Reduced reflection in polycrystalline silicon thin films through ion implantation induced surface textures and deposition of silver nanostructures

This work investigates a novel method to enhance light trapping within polycrystalline silicon (poly-Si) thin films for photovoltaic applications. The method combines the use of hydrogen ion implantation for creation of surface textures in poly-Si thin films and the deposition of silver nanostructures on the textured surface. Poly-Si thin films were prepared by solid phase crystallization of amorphous silicon (a-Si) layer deposited on a SiO ₂/Si substrate. The a-Si was annealed at various temperatures 600-1050°C for 48 hours to grow grains of different size in p-Si, as confirmed by x-ray diffraction (XRD) measurements. These samples were then implanted with 20-keV hydrogen ions to a dose of 10¹⁷/cm², and some with an additional implant with 90-keV argon ions to a dose 5×10¹⁵/cm². Following implantation, these samples were annealed in an Ar ambient at different temperatures.

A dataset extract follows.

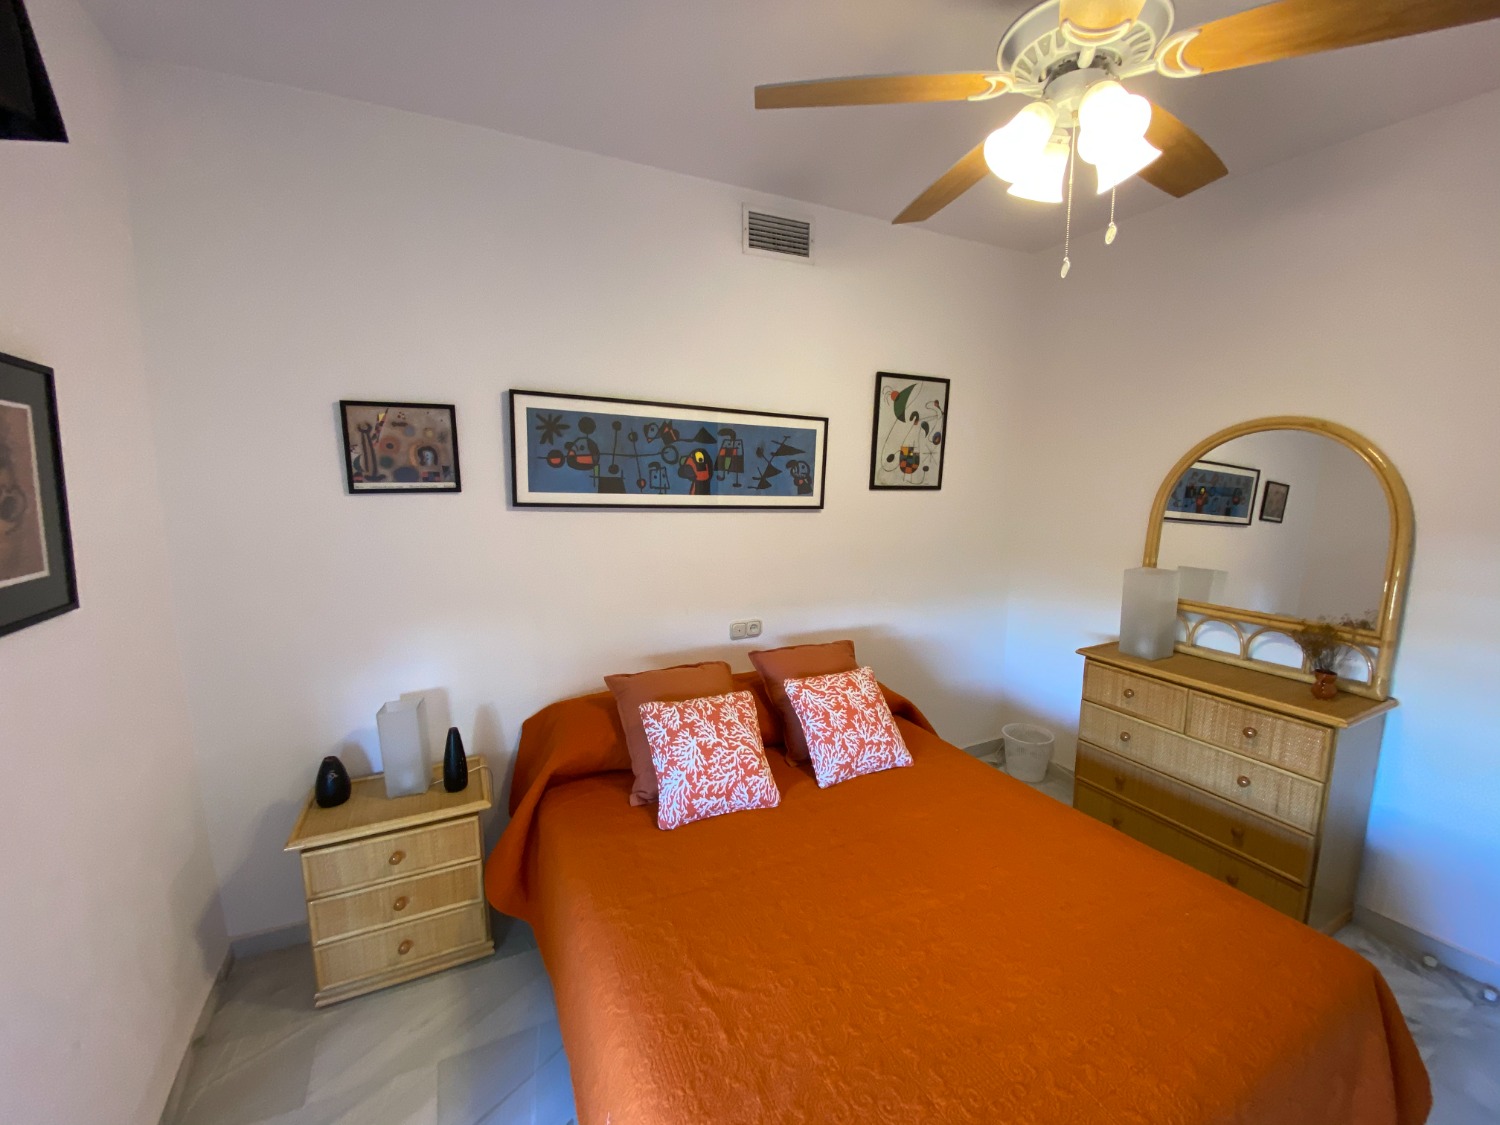 It is your beach house, in Fuengirola, 3 bedrooms, wifi, A/C, enjoy it.

Surface blistering effects were observed using an optical microscope. Optical specular reflection measurements in the spectral range 400-1100 nm indicated that the reflectance of the samples with higher blistering had decreased remarkably from 40% to 10%. Lastly, the poly-Si samples with various textures were deposited with silver thin film followed by annealing in nitrogen ambient for forming Ag nanostructures on textured poly-Si surfaces. Scanning Electron Microscope (SEM) was used to image the surface structures. The formation of Ag nanoparticles on the poly-Si surface, with textures created by implantation followed by low-temperature annealing (e.g., 400°C), can significantly reduce light reflection as opposed to the case with Ag nanoparticles formed on an un-textured, poly-Si surface.